Using the records that appear below, write out exactly the lines from the one with "Nordic Naturals Prenatal" through the one with "The Transfiguration of the Messiah", keeping both end lines.

Given data
======

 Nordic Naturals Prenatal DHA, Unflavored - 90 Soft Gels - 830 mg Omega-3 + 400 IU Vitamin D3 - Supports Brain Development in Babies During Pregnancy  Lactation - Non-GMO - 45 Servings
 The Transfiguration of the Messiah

======

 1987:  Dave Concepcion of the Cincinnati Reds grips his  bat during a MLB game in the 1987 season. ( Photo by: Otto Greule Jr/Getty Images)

======

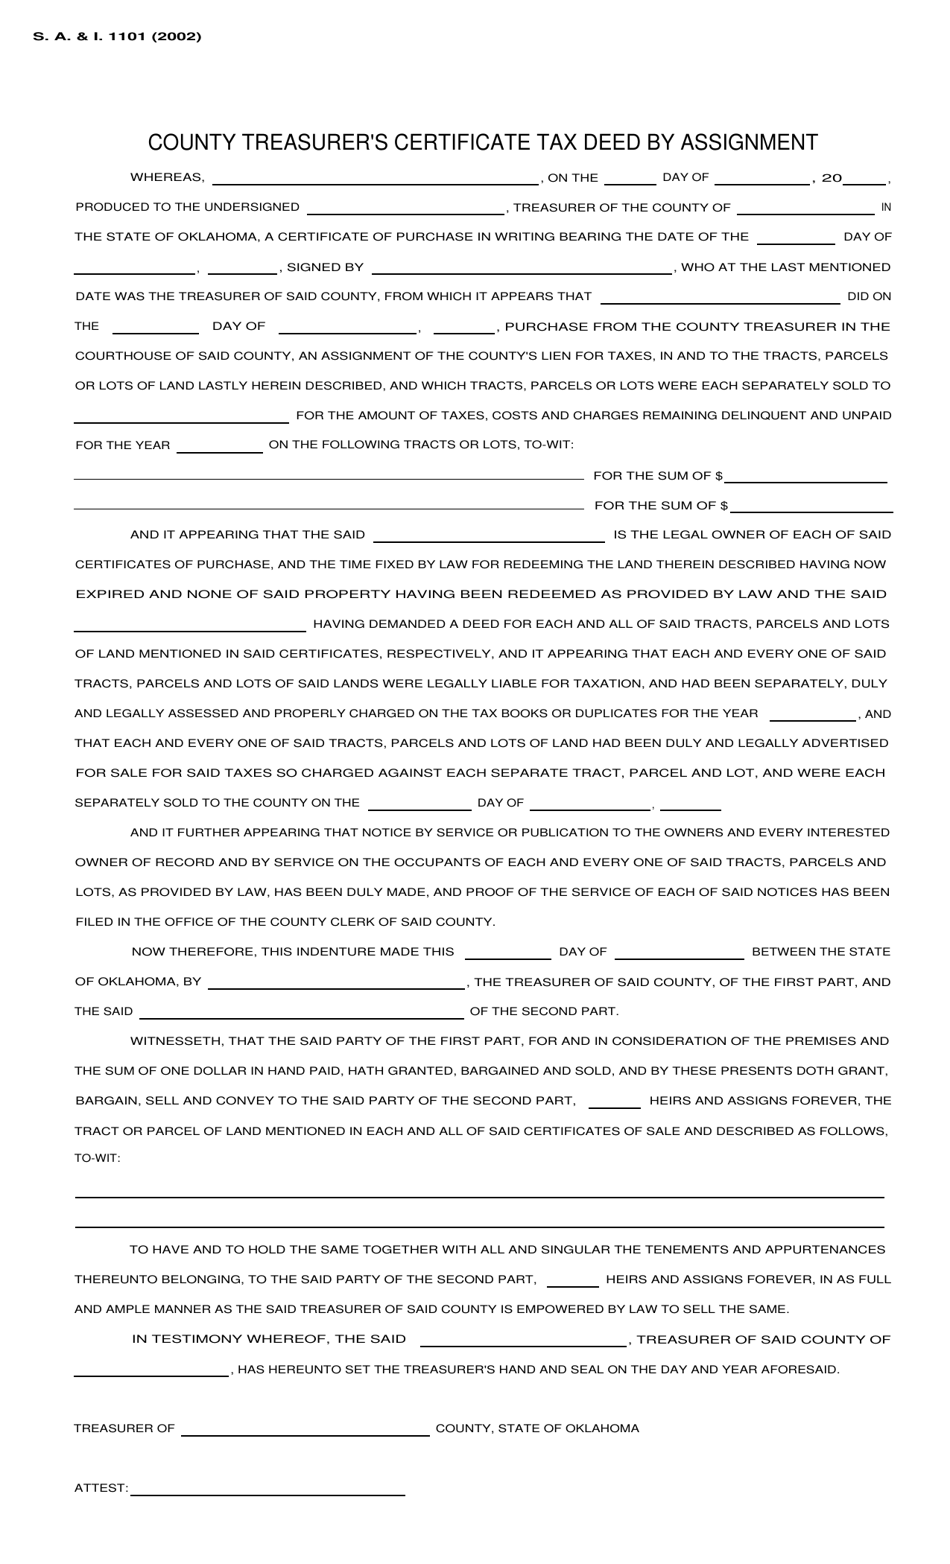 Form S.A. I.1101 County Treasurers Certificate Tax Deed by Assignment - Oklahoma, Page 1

======

Answer area
 Nordic Naturals Prenatal DHA, Unflavored - 90 Soft Gels - 830 mg Omega-3 + 400 IU Vitamin D3 - Supports Brain Development in Babies During Pregnancy  Lactation - Non-GMO - 45 Servings
 The Transfiguration of the Messiah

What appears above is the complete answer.